Ask your children questions, he said. “Do you feel safe in school? What do you see in the hallways? Are there places, like restrooms and parts of the courtyard, where they feel less safe and why?”
Armed with answers, parent groups should have open conversations with their children’s schools about safety. “They need to have a discussion with building principals about safety issues when there’s not a crisis,” he said."
These children fall in the group where their parents don't care because if they did their children would not be getting into trouble. "Talk to your children"??? Yeah right!!
.....
Bullying has been around forever. it will never be completely stopped.
If parents would pay more attention to thier children, it would get better. Public schools have become nothing but babysitters. Maybe all teachers should be like military drill sargents. Make this kids be afraid of the teachers a little, i know i was sometimes. but then again my parents brought me up right.

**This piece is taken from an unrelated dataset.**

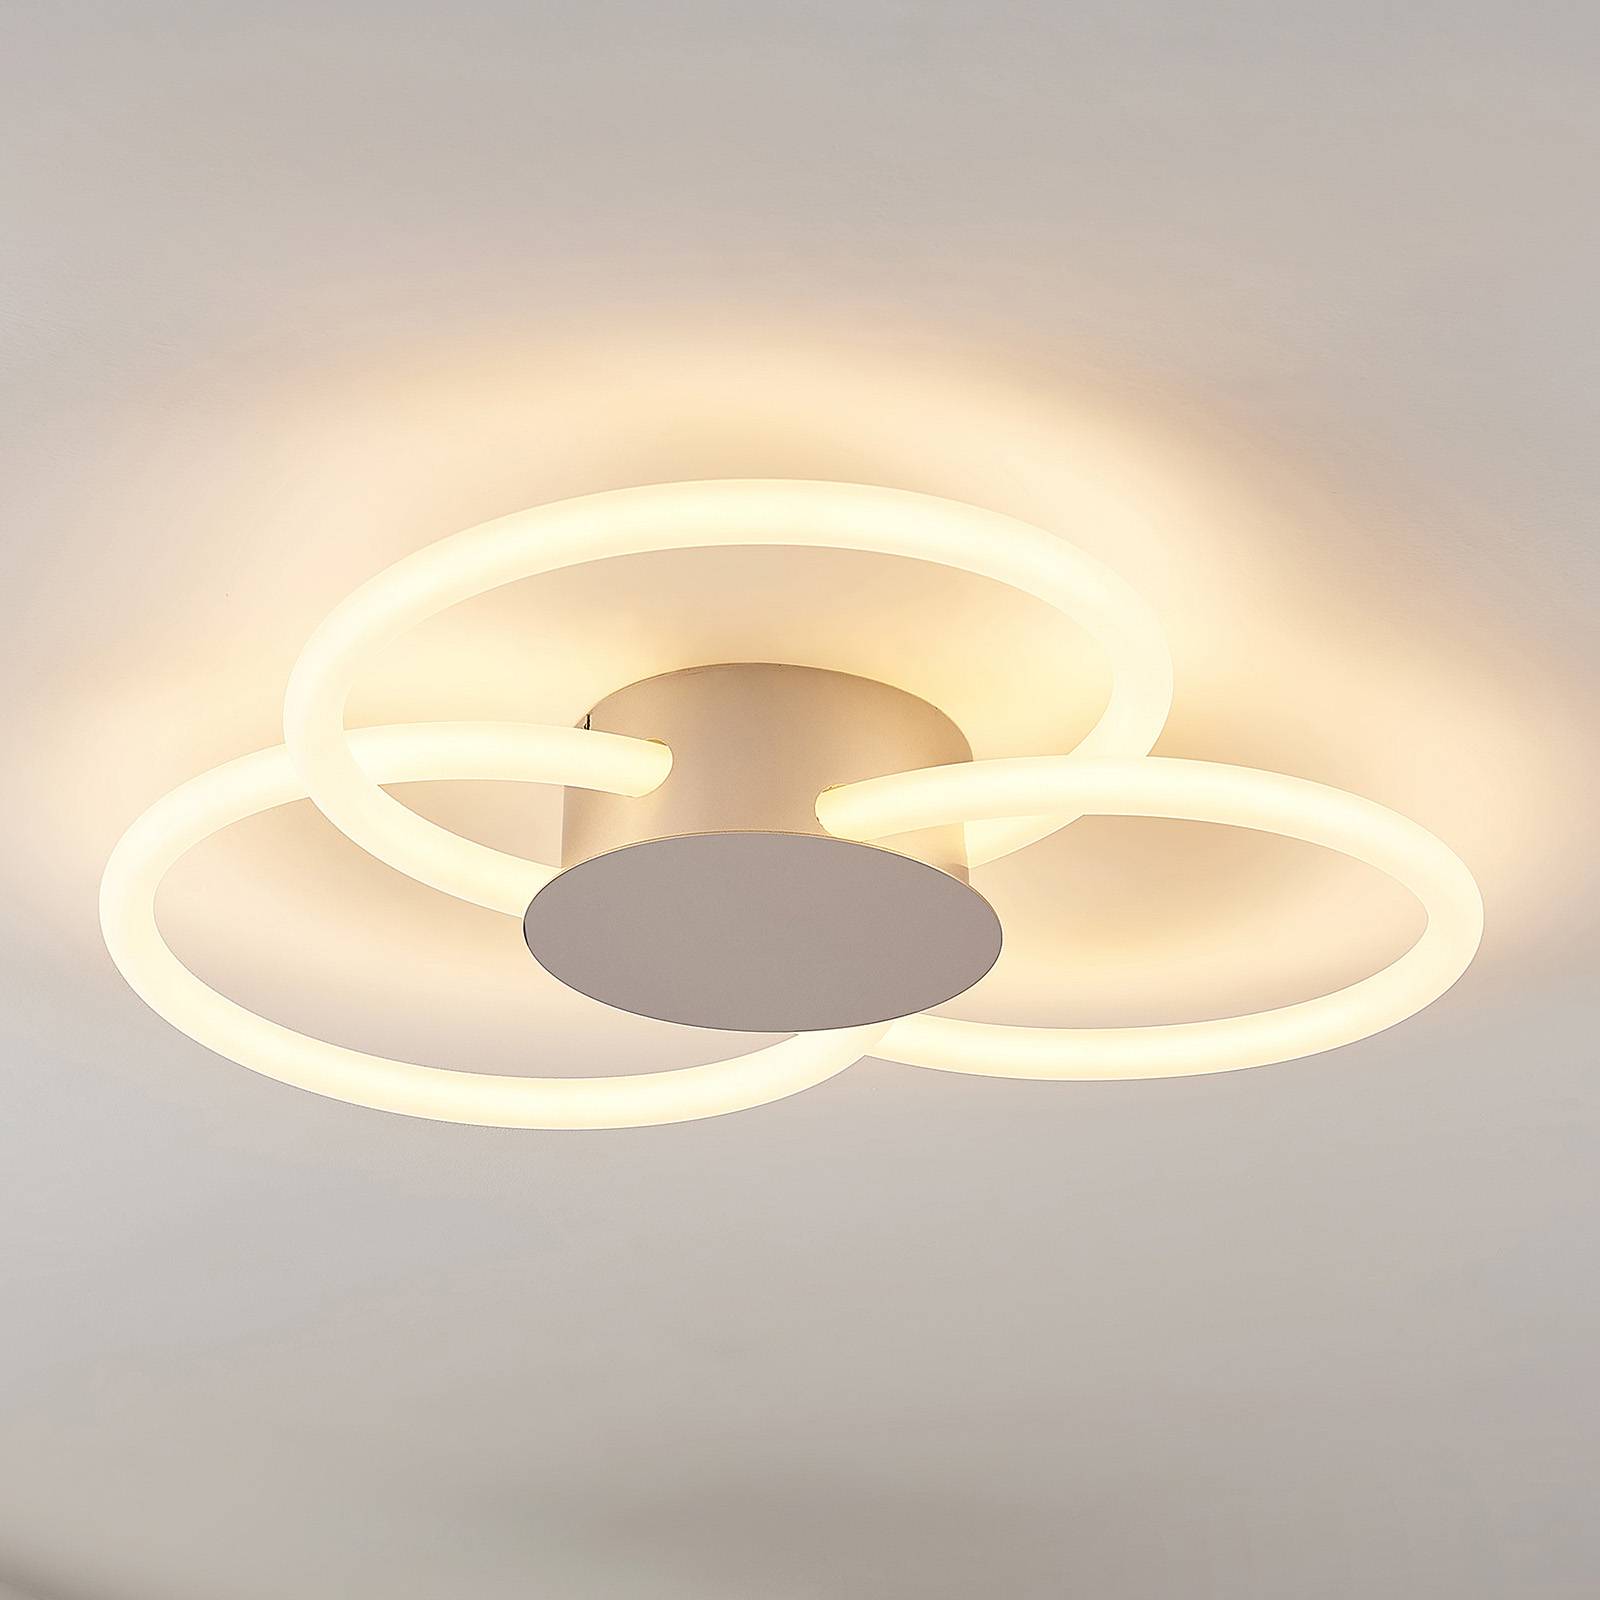 Lucande Clasa LED plafondlamp, 3-lamps

Kids today have no real role models, all these rappers, reality TV shows and parents who want to be on reality shows dont help at all.
Our Culture is to blame
One important point that I think we are all missing, is that our culture here in America has dramatically changed over the last two to three decades. Not to make excuses, but a lot of our kids are growing up in househoulds without any positive Father or Male role models, or parents in some cases. Or in other cases, parents are having to work two or three jobs just so they can pay the bills. That in mind, children today are looking up to pro atheletes and entertainers, instead of their parents, thinking they can become famous and rich without ever having to work for it. We live in an "instant gratification" country, where people, young and old (I'm only 33 by the way), have an "everything is owed to me" mentality. Unfortunately, the ideas of hard work and dedication, are no longer being taught to America's youth.
If you don't like the poor service - boycott
It floors me that articles like this are actually shocking to people. What flabbergasts me even more is that if I go to a store or restaurant that provides poor service, I don't go back. Let me make this clearer. If you don't like how the schools are being run, take your child out of them and homeschool. Homeschooled children score higher on standardized tests, are top and first picks for colleges, and yes, we socialize.
As violent as you may read these schools are, these are only the offenses that are REPORTED.
Seriously, quit participating in a broken system that was invented to create compliant factory workers and reclaim your child's education.
What are your children *really* being taught? :
http://www.cantrip.org/gatto.html
If you send your child to a Wal-Mart backed/based type of broken institution for education, don't be surprised by the clientèle or the employees.
If you don't like how they conduct their business - boycott it.